Center for Advanced Medicine Analytics, University of Virginia School of Medicine, Box 800386, Charlottesville, VA 22908, USA.
Resusc Plus. 2025 Jan 2;21:100862. doi: 10.1016/j.resplu.2024.100862. eCollection 2025 Jan.
More than 90% of in-hospital cardiac arrests involving children occur in an intensive care unit (ICU) with less than half surviving to discharge. We sought to assess the association of the display of risk scores of cardiovascular and respiratory instability with the incidence of cardiac arrest in a pediatric ICU.
Employing supervised machine learning, we previously developed predictive models of cardiovascular and respiratory instability, incorporating real-time physiologic and laboratory data, to display risk scores for potentially catastrophic clinical events in the subsequent 12 h. Clinical implementation with risk scores displayed on large screen monitors in multiple areas throughout the ICU was finalized in July 2022. We compared the incidence of cardiac arrest events in the 18-months pre- and post-implementation.

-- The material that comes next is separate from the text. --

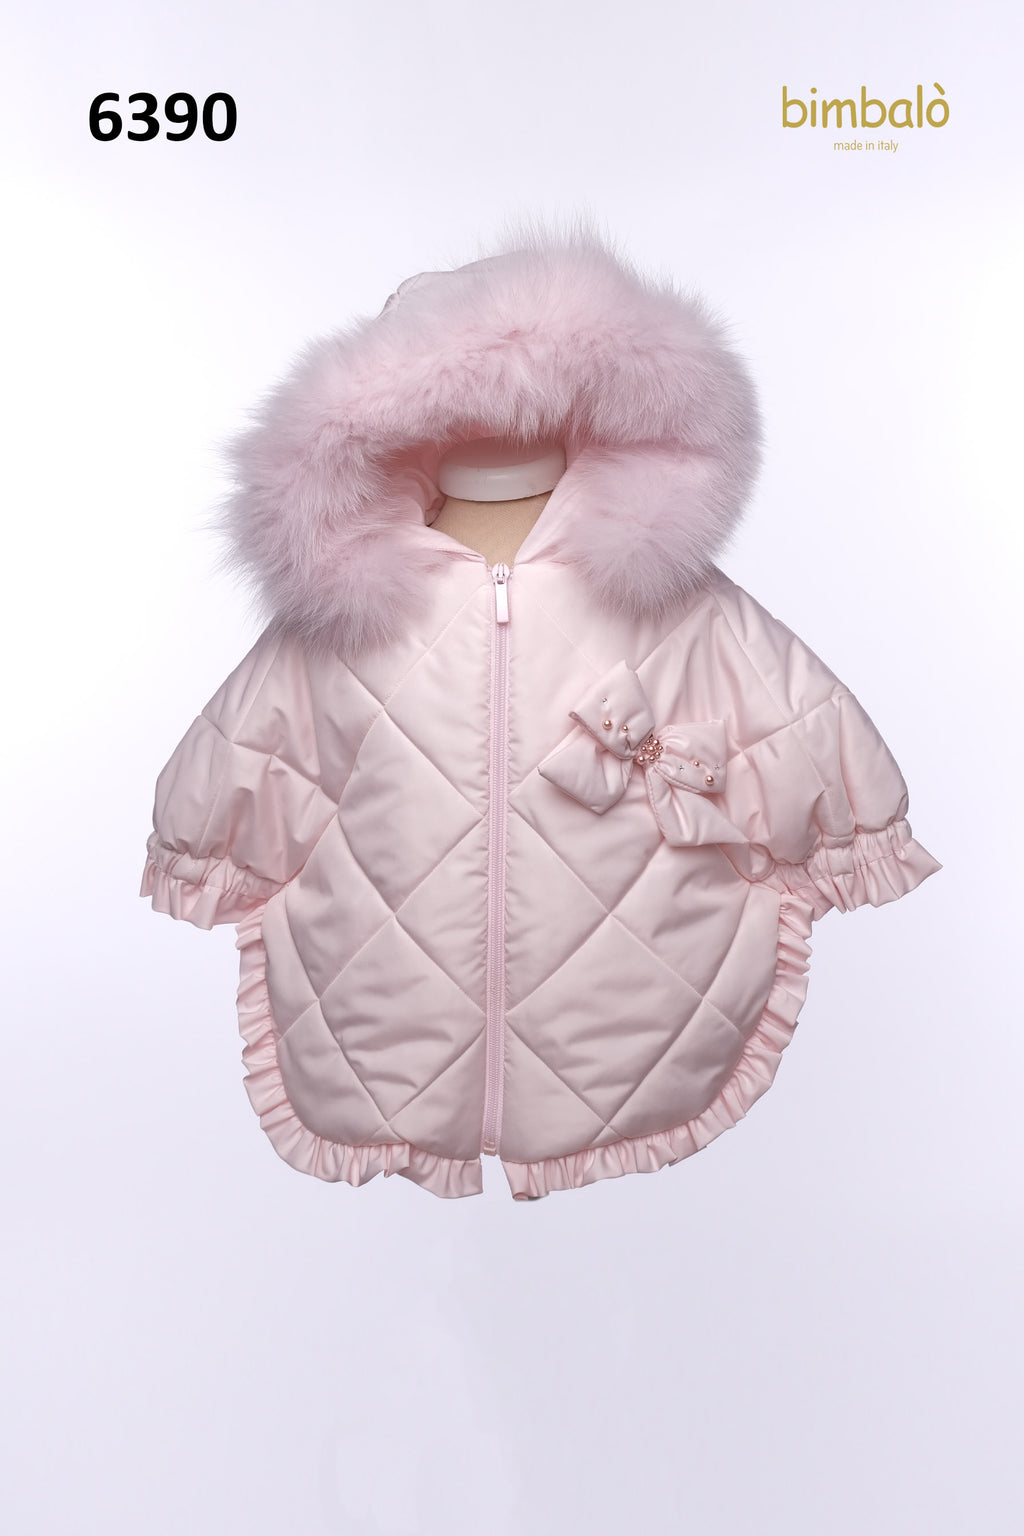 AW22 Bimbalò Pale Pink Quilted Bow Poncho Cape Coat With Fur Hood

The cardiac arrest incidence rate dropped from 3.0 events (95% CI 2.0-4.4) to 2.4 events (95% CI 1.6-3.5) per 1000 patient days following implementation. We observed a 50% increase in the rate of cardiac arrest events where return of spontaneous circulation (ROSC) was achieved ( = 0.025). The incidence rate of cardiac arrest without ROSC dropped from 1.4 events (95% CI 0.7-2.4) to 0.4 events (95% CI 0.1-0.9) per 1000 patient days (incidence rate difference = 1.0 (95% CI 0.13-1.87), = 0.01).
We observed a non-significant decrease in the rates of cardiac arrest events and an increase in the rate of cardiac arrests events where ROSC was achieved following the implementation of a predictive analytics display of risk scores.
超过90%的儿童院内心脏骤停发生在重症监护病房(ICU),出院存活率不到一半。我们试图评估心血管和呼吸不稳定风险评分的显示与儿科ICU心脏骤停发生率之间的关联。
我们采用监督式机器学习,以前开发了心血管和呼吸不稳定的预测模型,纳入实时生理和实验室数据,以显示未来12小时内潜在灾难性临床事件的风险评分。2022年7月在ICU多个区域的大屏幕显示器上显示风险评分的临床应用最终完成。我们比较了实施前后18个月内心脏骤停事件的发生率。
实施后,心脏骤停发生率从每1000患者日3.0起(95%可信区间2.0 - 4.4)降至2.4起(95%可信区间1.6 - 3.5)。我们观察到实现自主循环恢复(ROSC)的心脏骤停事件发生率增加了50%(P = 0.025)。未实现ROSC的心脏骤停发生率从每1000患者日1.4起(95%可信区间0.7 - 2.4)降至0.4起(95%可信区间0.1 - 0.9)(发生率差异 = 1.0(95%可信区间0.13 - 1.87),P = 0.01)。
在实施风险评分的预测分析显示后,我们观察到心脏骤停事件发生率有不显著下降,且实现ROSC的心脏骤停事件发生率有所增加。